• _EXERCISE DETAILS_: Without the pictures, repeat all of the data exactly as it appears below.

• _PROVIDED MATERIAL_:

◆ ◆ ◆

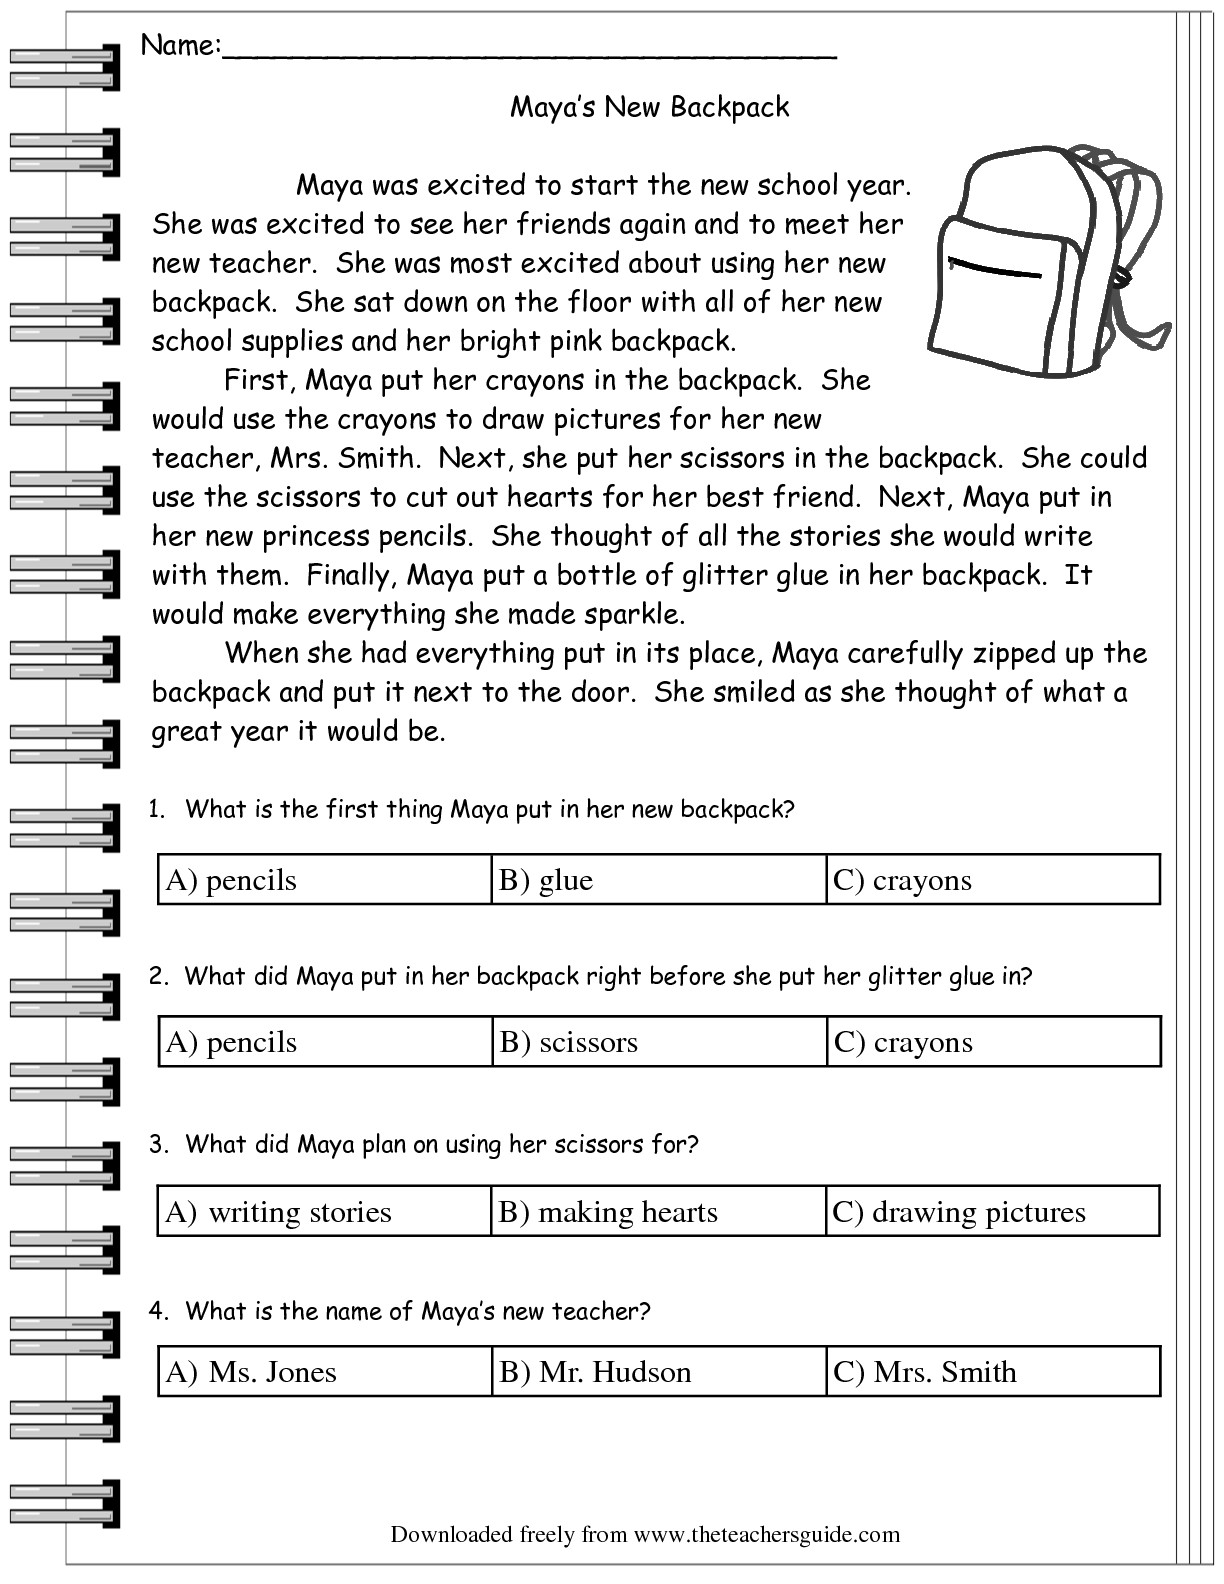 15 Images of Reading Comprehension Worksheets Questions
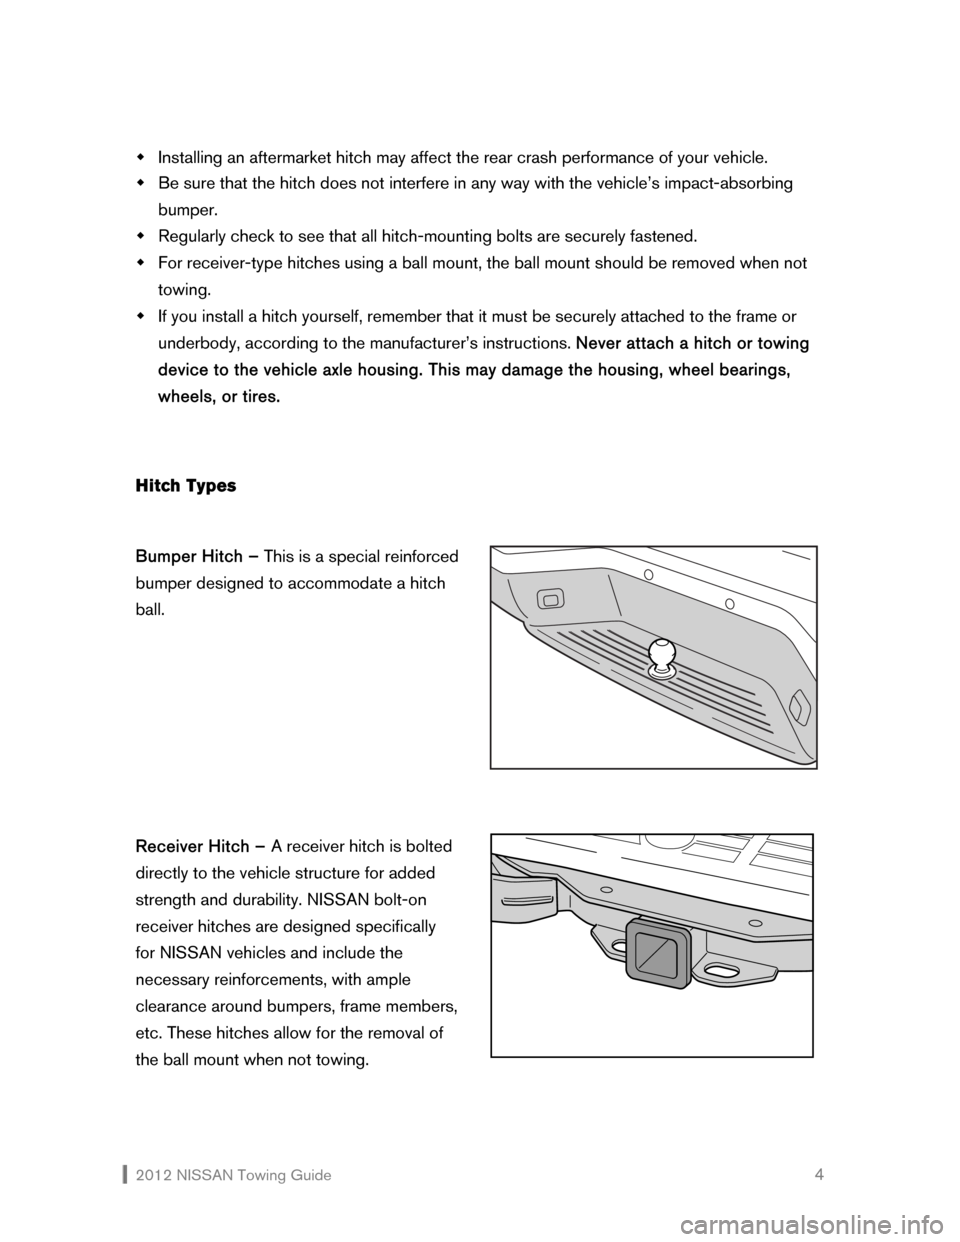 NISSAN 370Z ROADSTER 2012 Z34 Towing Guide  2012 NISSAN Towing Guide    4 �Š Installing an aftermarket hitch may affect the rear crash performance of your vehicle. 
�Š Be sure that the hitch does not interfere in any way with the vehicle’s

◆ ◆ ◆

• _ANSWER TO THIS TASK_:
 15 Images of Reading Comprehension Worksheets Questions
 NISSAN 370Z ROADSTER 2012 Z34 Towing Guide  2012 NISSAN Towing Guide    4 �Š Installing an aftermarket hitch may affect the rear crash performance of your vehicle. 
�Š Be sure that the hitch does not interfere in any way with the vehicle’s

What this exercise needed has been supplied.